INTRODUCTION AND OBJECTIVES
Ultrasonography was used as early as the 1950s to characterise soft tissues in humans, and today is used routinely in human and veterinary medicine in the areas of ophthalmology, cardiology, neurology, nephrology, gynaecology and andrology, obstetrics, organ transplantation, oncology, orthopaedics and dermatology. It is somewhat surprising then that ultrasonography has received so little attention in zoo and wildlife medicine (see review, Hildebrandt & Göritz, 1998). Furthermore, although the number of investigations has increased recently, the focus remains on mammals (69%) with less emphasis on reptiles (19%), birds (12%), fish and amphibians (<1%) (Göritz, 1996).

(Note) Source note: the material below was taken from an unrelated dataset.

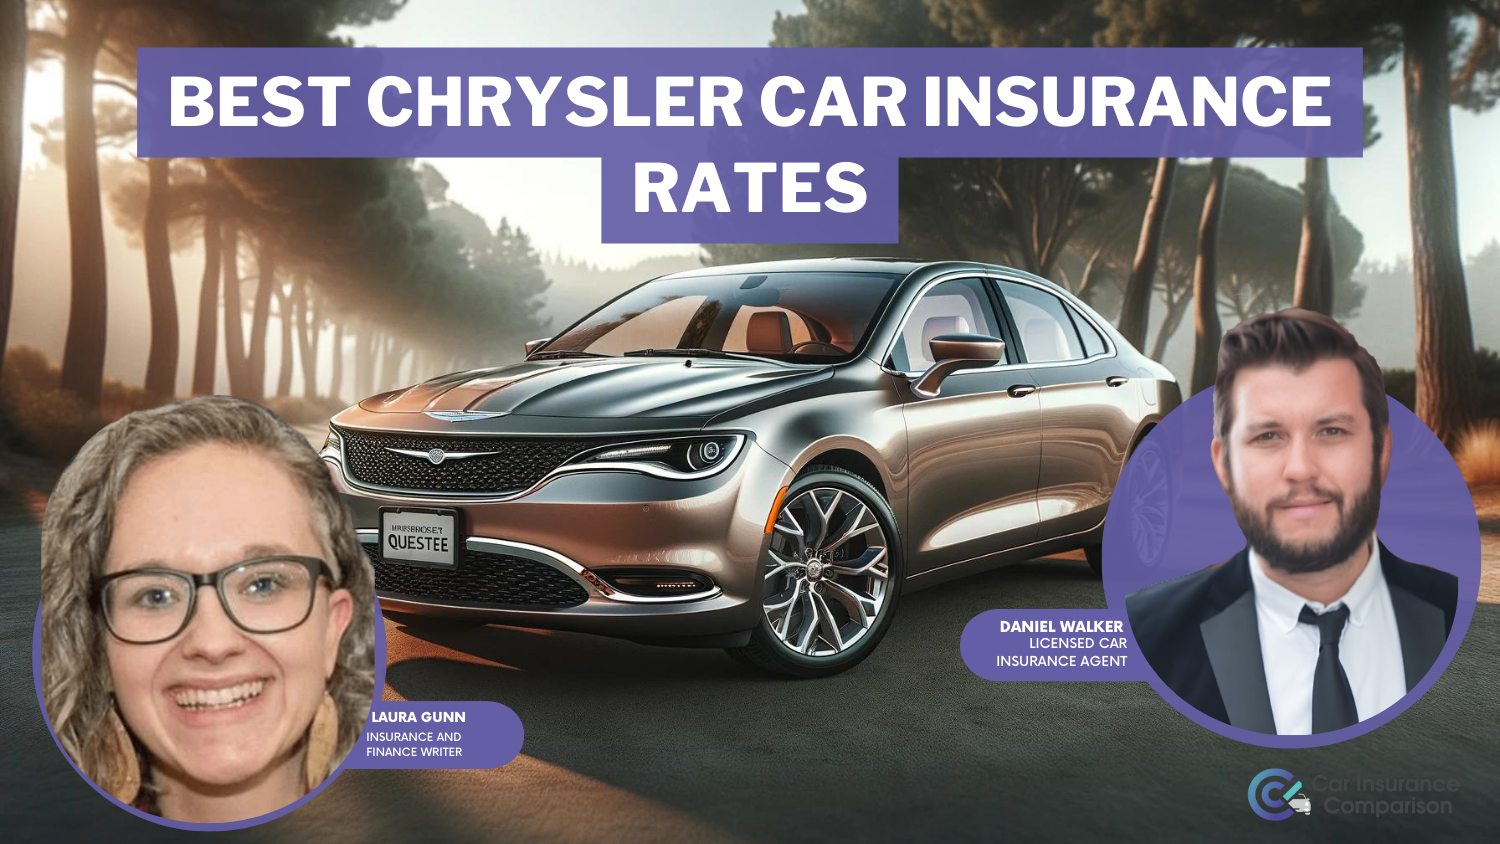 Best Chrysler Car Insurance Rates: State Farm, Geico, and Progressive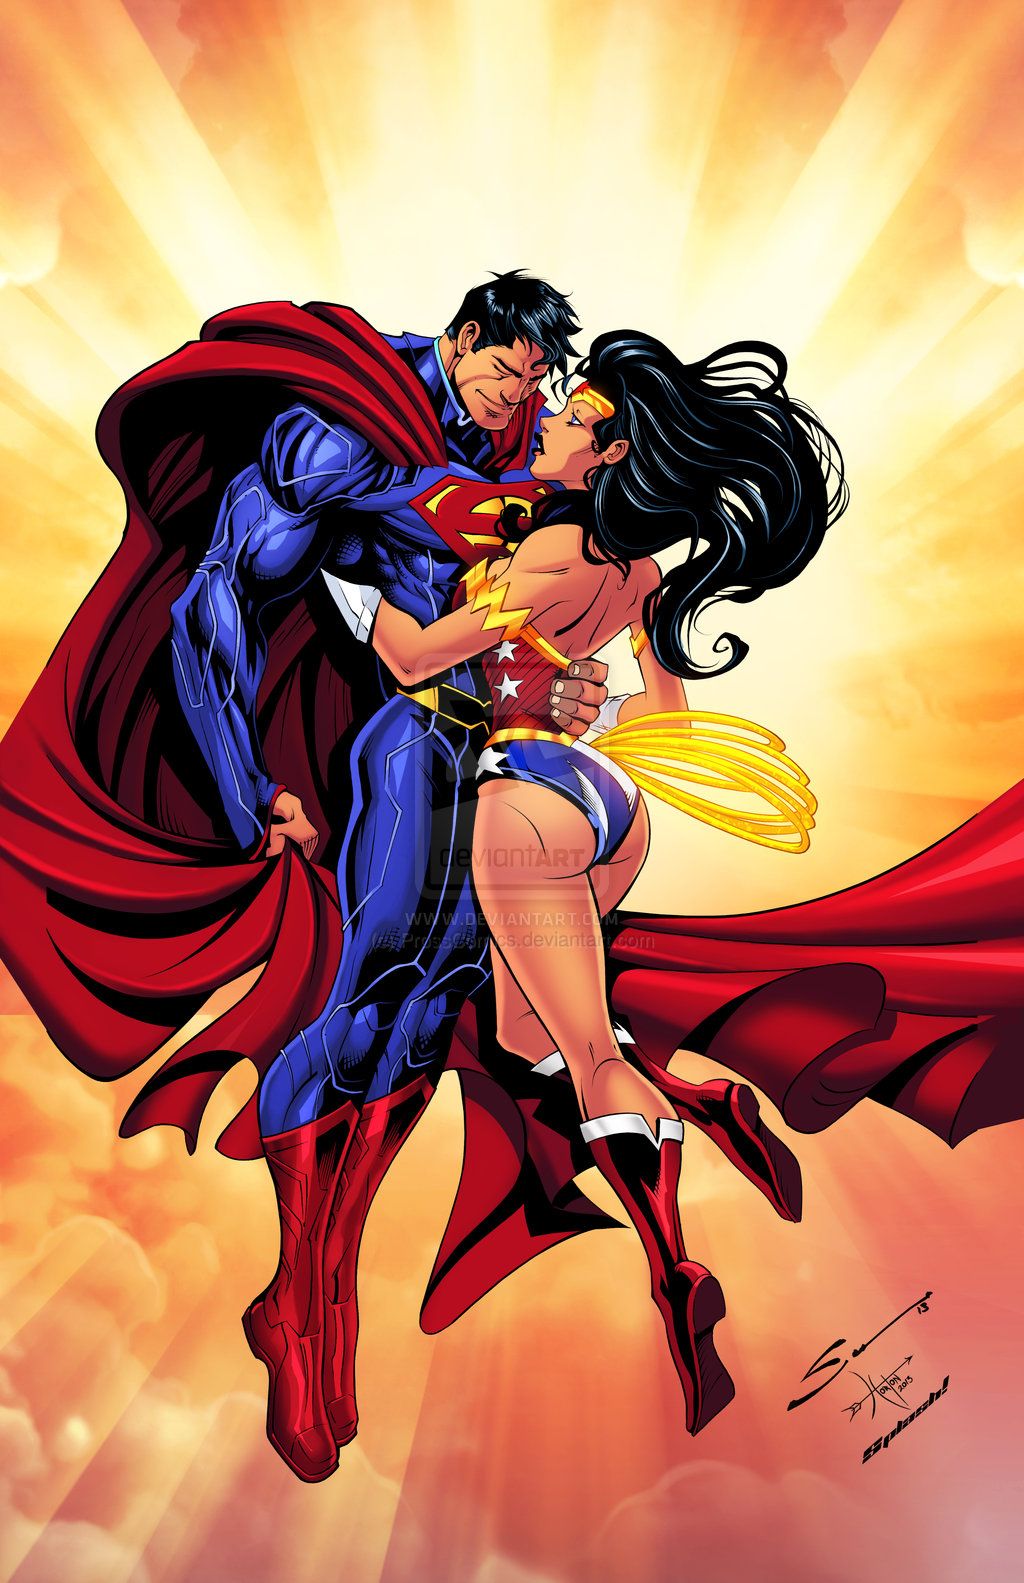 Superman and Superwoman Wallpaper Free Superman and Superwoman Background

Reproduction in many zoo-held animals is poor, and infertility caused by physiological disorders or mismanagement prohibits creating selfsustaining populations. Because of limited knowledge of species' reproductive anatomy and physiology, techniques to determine sex, sexual maturity, reproductive tract morphology, the reproductive cycle itself and gestation and foetal growth are critical to successful ex situ reproduction and management. This is an exciting time because ultrasonography is finally finding a niche in the study and management of rare wildlife species. Since 1993 we have conducted thousands of ultrasound examinations in more than 100 species, often in collaboration with reproductive biologists, theriogenologists and pathologists. The aim of this chapter is to describe some of our experiences in the use of ultrasonography as a powerful tool for assessing reproductive fitness of captive and free-living wildlife species.